From the manuscript of paper "TRIZ: The Methodology of Inventive Problem Solving "
by Semyon D. Savransky and Craig Stephan
This example illustrates the use of the simplified ARIZ made by one of the authors (SDS) during a recent one-day visit to a company that produces security paper for banknotes and other legal documents - a field in which he had no prior knowledge. A check of patents in the field revealed that this type of paper guards against counterfeiting by incorporating various security features, including additions such as glassy thread or magnetic or fluorescent substances. With this bit of background learned a day before the visit, he quickly applied TRIZ to the company's operation.
Step (a) Select a technical problem: The paper should have many different levels of security features without increasing the cost of the paper.
Step (b) Formulate a physical contradiction: The security features should be readily apparent--so that anyone can easily recognize that a bill is made from genuine paper--but they should also include "invisible" levels of detection, and it should be very difficult to make or copy such paper.
Step (c) Formulate an ideal solution: The material of the paper itself should provide the security features without any additions to it.

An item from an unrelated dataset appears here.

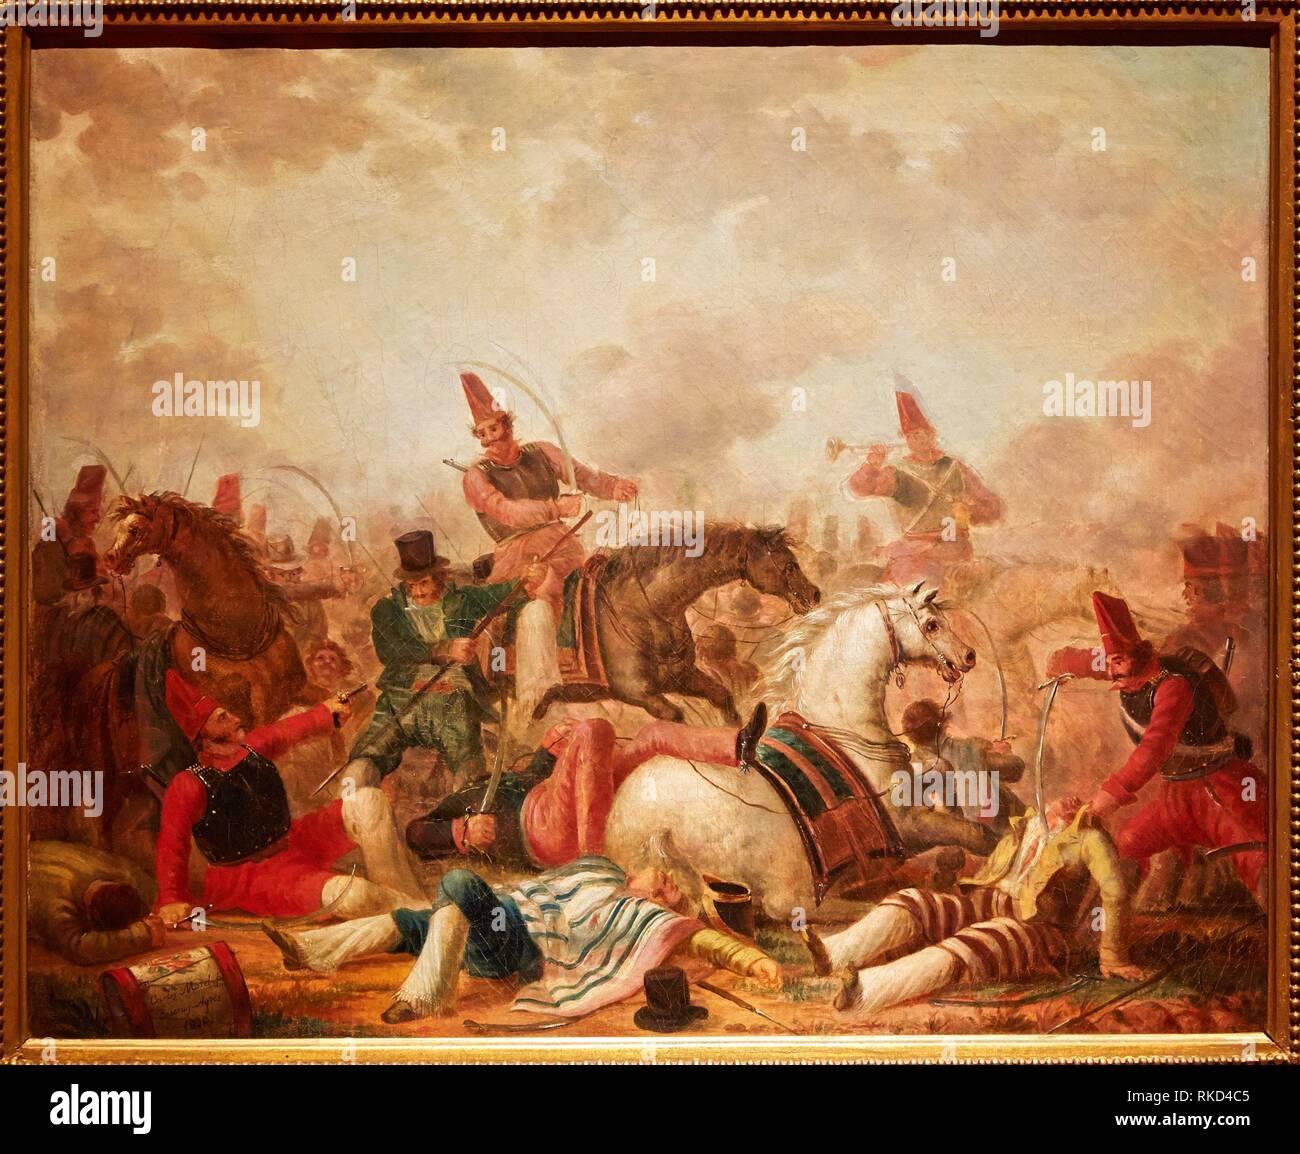 '''Combate de Caballería'', Carlos Morel. Museo Nacional de Bellas Artes. National museum of Fine Arts. Recoleta. Buenos Aires. Argentina - Stock Image

Step (d) Find resources for the solution: Presently the material of the security paper is cotton with a small amount ( about 5%) of chemicals in water solution between the cotton fibers. Therefore cotton, water and existing security features can be the resources of possible solutions. The technical and the physical contradictions can be resolved with the contradiction matrix and lists of effects. Some ideas that came immediately from this approach were: 1) Write information into the existing glassy or magnetic threads. (Presently the presence of magnetic threads is recognized by their hysteresis loop only.) 2) Make the security features in the paper dynamic (not static)to disguise their presence, perhaps by use of an additive whose signal becomes apparent only some period of time after it is activated. 3) Put fluorescent or other indicators in the water solution between the cotton fibers, rather than as separate additives. 4) Add indicators in the cotton when it is grown.

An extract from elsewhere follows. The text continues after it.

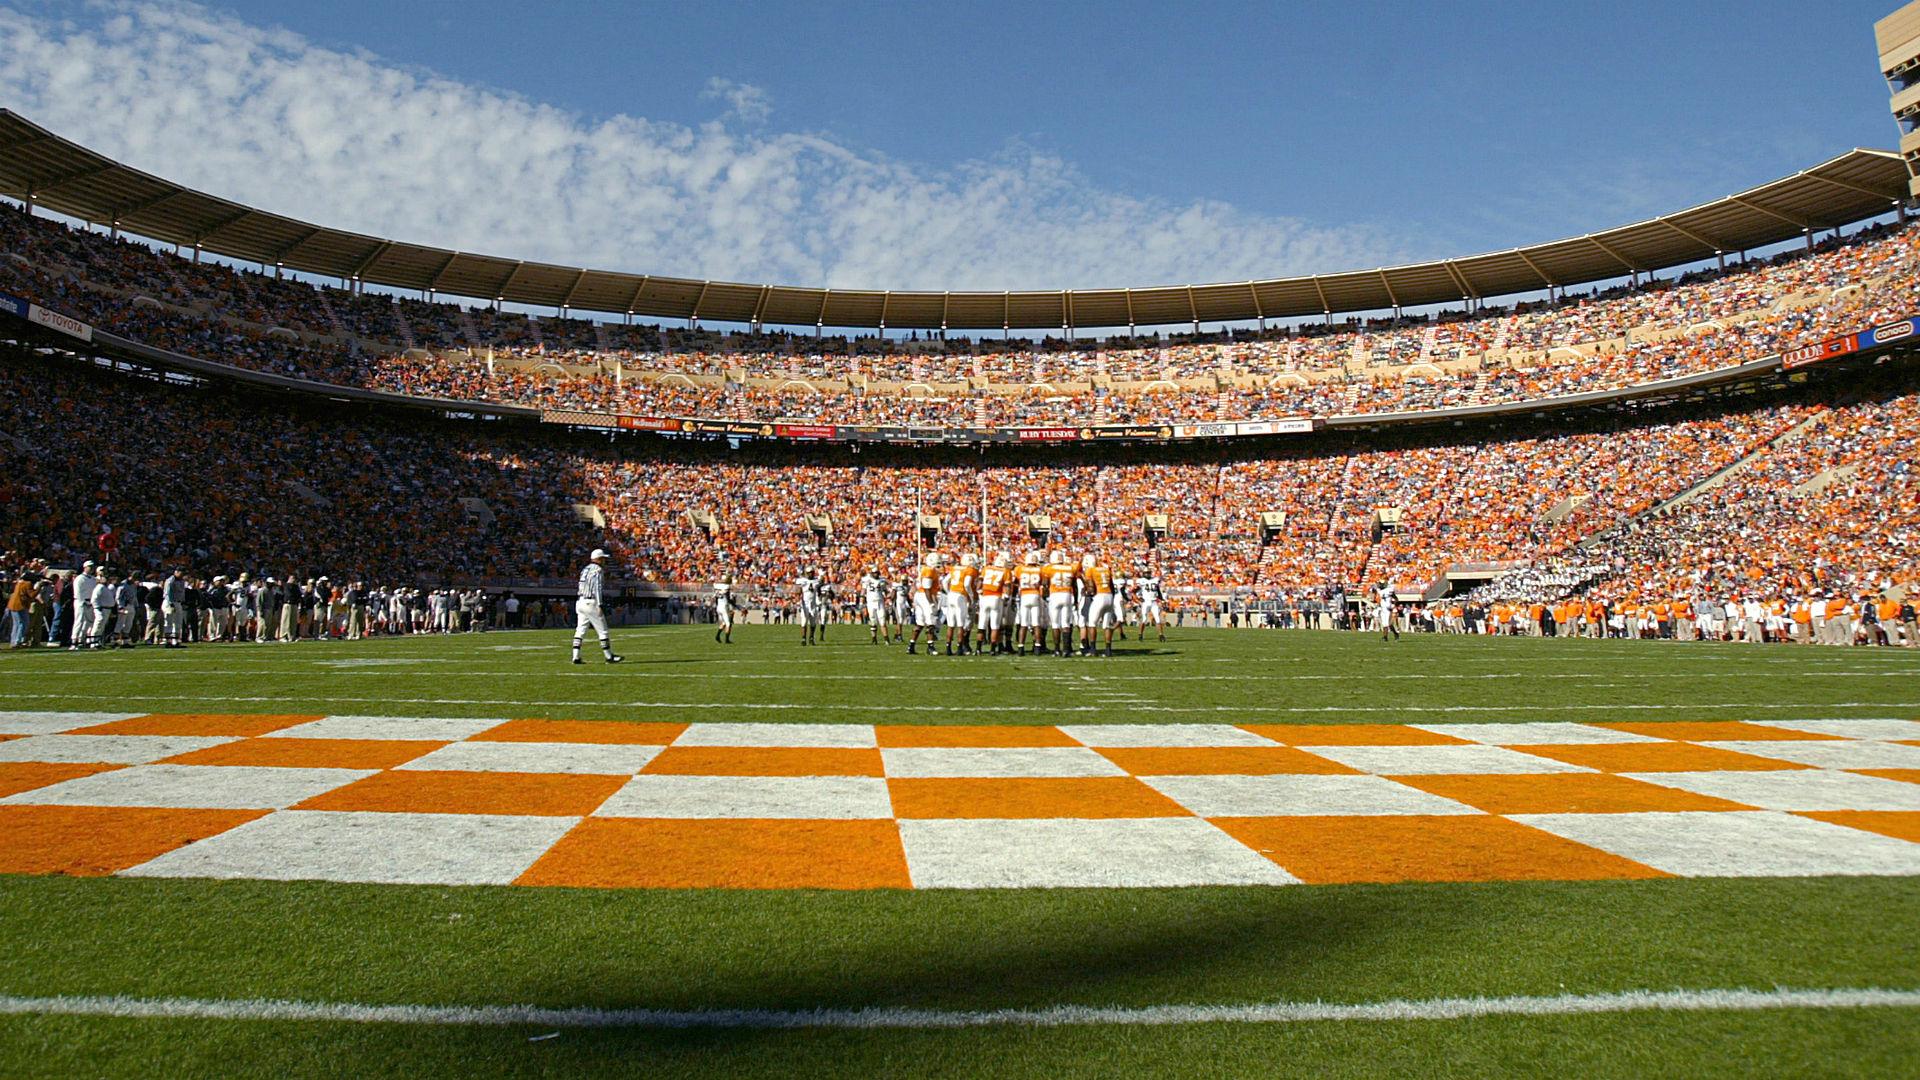 Tennessee fans start #FillNeyland campaign after Butch Jones firing

Step (e) Determine the "strength" of the solutions and choose the best one: The proposed solutions were discussed with the members of the company's R&D group, whose members had much experience in the security-paper field. Although they already knew about the possibility of writing information in the magnetic threads, they never considered the possibility of writing information in the glassy fibers. In addition, they never thought about other TRIZ-based solutions , but they accepted several of them as a basis for future research.
Step (f) Predict the development of the system considered within the problem. It is possible to conclude that the system will evolve to include dynamic security and security in the cotton itself. Here, the main system is the banknote, the security paper is one of two main subsystems (the other is the print on the banknote), and the supersystem is the banking system, which uses devices for checking the authenticity of a banknote. The subsystems of the paper itself are the major material (cotton) and additions (threads and other security features.) The four TRIZ-based solutions can increase a banknote's security without a change of the "print" subsystem. Some new security features can be recognized by existing devices; other would require the adaptation of new methods (such as detection of an ESR signal) .
Step (g) Analyze the solution process. The algorithm works well in this case.